Additional three files are created: filename_U_bias.mm, filename_V_bias.mm and filename_global_mean.mm. Bias files include the bias for each user (U) and item (V).
The global mean file includes the global mean of the rating.

For SVD

For each singular vector a file named filename.U.XX is created where XX is the number of the singular vector. The same with filename.V.XX. Additionally a singular value files is also saved.

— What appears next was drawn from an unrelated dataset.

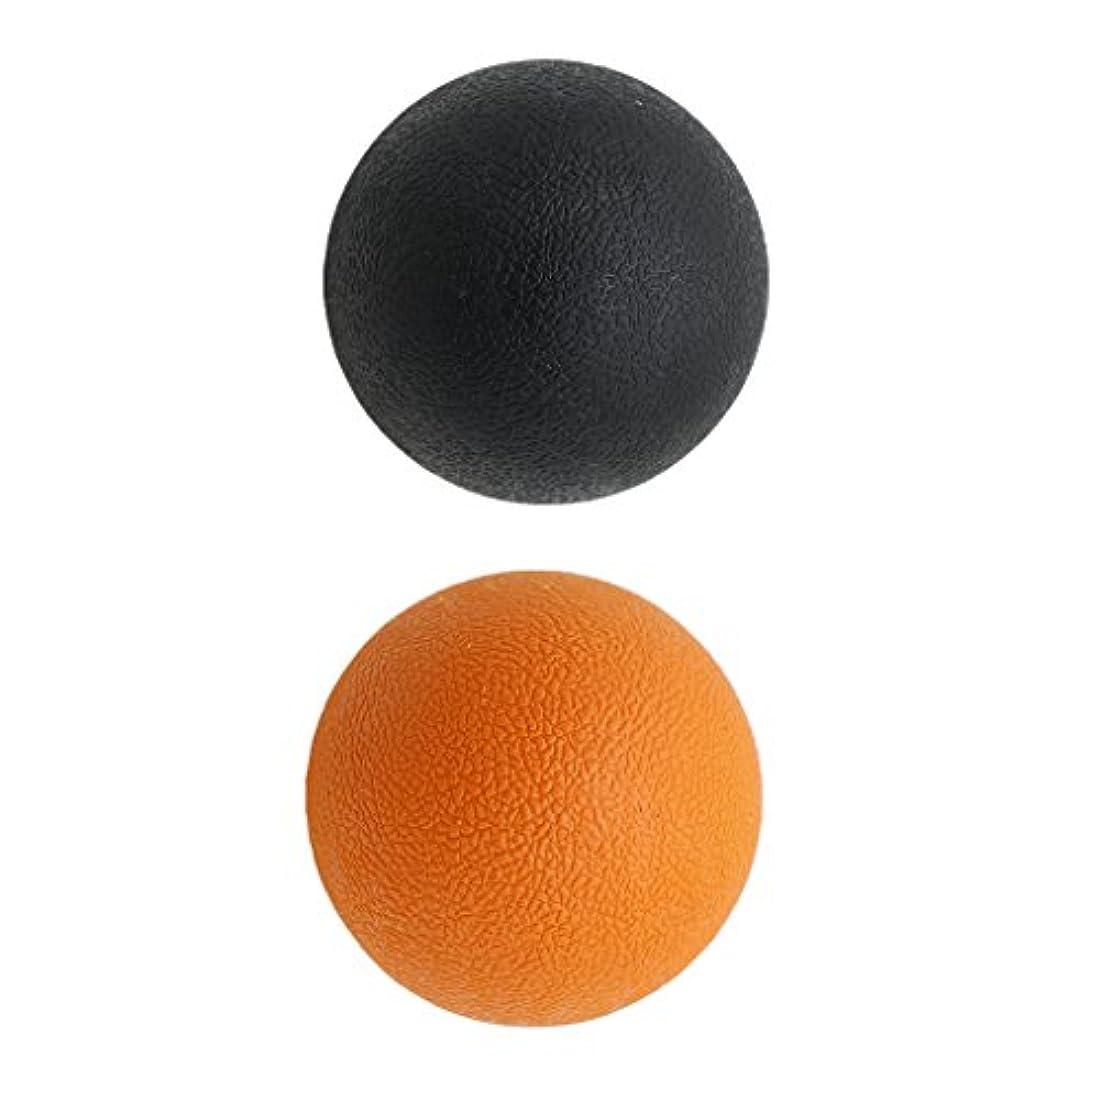 生き残り均等にシティ2個 マッサージボール ラクロスボール 背部 トリガ ポイント マッサージ 多色選べる - オレンジブラック

Load output in Matlab (optional)

a) download the script mmread.m.

b) # matlab

    >> A=mmread('smallnetflix_mm');

    >> U=mmread('smallnetflix_mm_U.mm');

    >> V=mmread('smallnetflix_mm_V.mm');

    >> whos

  Name          Size                  Bytes  Class     Attributes


  A         95526x3561             52799104  double    sparse    

  U         95526X5                3821040   double              

  V         3561X5                 142480    double          

c) compute prediction for user 8 movie 12:
   >> U(8,:)*V(12,:)'

d) compute approximation error    

     >> norm(A-U*V') % may be slow... depending on problem size

Command line options:

Common options:


--training - the training input file
--validation - the validation input file (optional). Validation is data with known ratings which not used for training.
--test - the test input file (optional).

--minval - min allowed rating (optional). It is highly recommended to set this value since it improves prediction accuracy.
--maxval - max allowed rating (optional). It is highly recommended to set this value since it improves prediction accuracy.
--max_iter - number of iterations to run
--quiet - 1 run with less traces.
D - width of the factorized matrix. Default is 20. To change it you need to edit the file toolkits/collaborative_filtering/XXX.hpp (where XXX is the algorithm name), and change the macro #define D to some other value and recompile.


ALS:

--lambda - regularization parameter (optional, default value 0.065)

SGD:

--lambda - gradient step size (optional). Default value 1e-3.
--gamma - regularization (optional). Default value 1e-3.
--sgd_step_dec - multiplicative step decrement (optional). Default is 0.9.

bias-SGD:

--biassgd_lambda - gradient step size (optional). Default value 1e-3.
--biassgd_gamma - regularization (optional). Default value 1e-3.
--biassgd_step_dec - multiplicative gradient step decrement (optional). Default is 0.9.

SVD++

--svdpp_item_bias_step, --svdpp_user_bias_step, --svdpp_user_factor_step, --svdpp_user_factor2_step - gradient step size (optional). Default value 1e-4.
--svdpp_item_bias_reg, --svdpp_user_bias_reg, --svdpp_user_factor_reg, --svdpp_user_factor2_reg - regularization (optional). Default value 1e-4.
--svdpp_step_dec - multiplicative gradient step decrement (optional). Default is 0.9.

Weighted-ALS

Note: for weighted-ALS, the input file has 4 columns:

[user] [item] [time] [rating]. See example file in section 5b).

--lambda - regularization

Sparse-ALS

--lambda - regularization

--user_sparsity - defines sparsity of each of the user factors. Value should be in the range [0.5,1)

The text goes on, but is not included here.